Tuesday, November 1, 2011

Accounting for Public Pensions

Floyd Norris brings up a very good point in his 2010 article for the New york Times, “Accounting for Public Pensions”. It is about the change in the ways that companies mush account for their pension plans. A generation ago the rules for declaring the monetary stakes a company had in these pension plans was changed. Prior to these rules a company could get away with only declaring the actual amount of money invested into the plan. Since the rule change, a company now must estimate the future obligation of the pension. At the time this was a very controversial issue. Many companies were afraid that these new rules would dramatically decrease the profits they were able to report. These new rules were not perfect due to the fact that a company could only estimate the cost of the pension benefits that they would be accruing in a given year. A ‘smoothing’ effect could be used to even out the rise and fall of this estimation caused by market changes of the pension assets. This caused some controversy among people because they argued that the figures were not accurate and could be misleading.
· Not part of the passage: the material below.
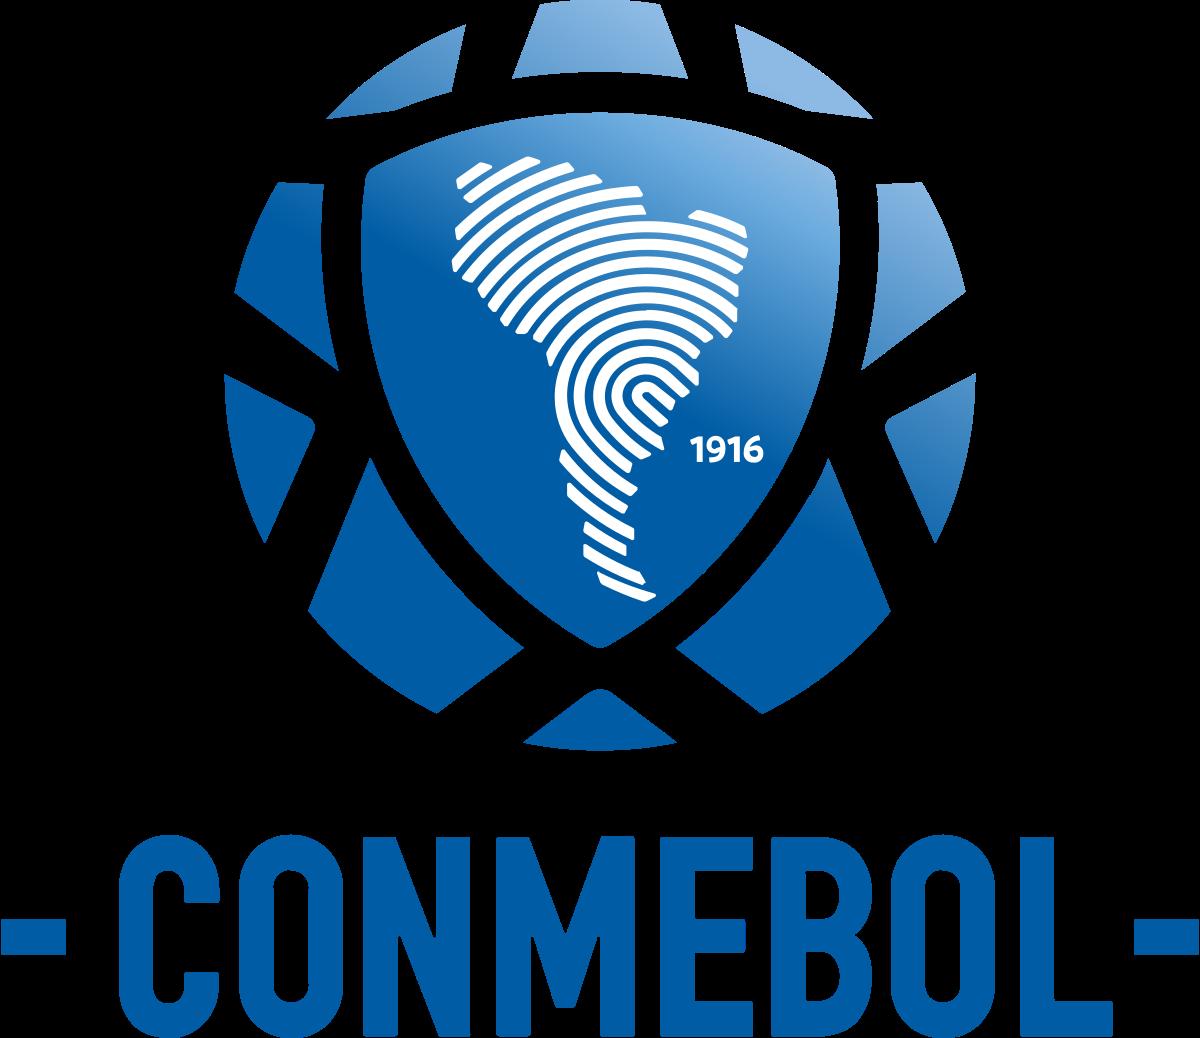 Confederation Sud Americaine De Football Wikipedia

This controversy over the reporting of pension plans has caused many companies to start phasing out defined benefit plans to new employees. The complexity of reporting these pension plans is also a reason some companies do not deal with it. With this complexity comes more accounting hours that the company would have to pay for. There are many more risks associated with a pension plan now that a company must guarantee the investment will grow. This risk does not seem worth it for many companies. Now, instead of pension plans, a lot of companies choose to go with defined-contribution plans. A defined-contribution plan is an investment strategy in which the employee and employer contribute funds to be invested. In this type of plan the employee has much more control over what the money is invested in but they also vary the consequences of the rise and fall of the value of the assets. This has caused far more Americans to be directly involved in the stock market. This involvement intensified the effects of the 2007 economic recession in America. With the effects of this recession being felt by far more people they have had to re-envision their retirement plans. There has been a ten percent increase in people over sixty still holding jobs. It’s not that these people still want to be working; it is because they have to still be working to afford the lifestyle they are accustomed to.
Even though many companies have moved away from defined pension plans, city and state governments have not followed this trend. The main reason for this is because they do not have to follow the same rules of declaring pension plans as publicly and privately held companies do. This does not seem right. The government should be held to the same standards as the corporate sector. Recently, there has been legislation proposed to stop the government from getting special treatment in this area. “Three Republican members of Congress, led by Representative Devin Nunes of California, a senior member of the Ways and Means Committee, proposed legislation to force states and cities to report pension fund liabilities on the same basis, and to force them to disclose market values of assets. The bill would not even allow smoothing, so the state of pension funding will seem volatile as markets rise and fall,” stated Floyd Norris.
Pensions are a very complex and controversial issue in the accounting field. There is not necessarily a correct way to handle this situation. Any way it goes, somebody will be losing out. The only thing that can be done is try to compromise and find the best solution for the entire country.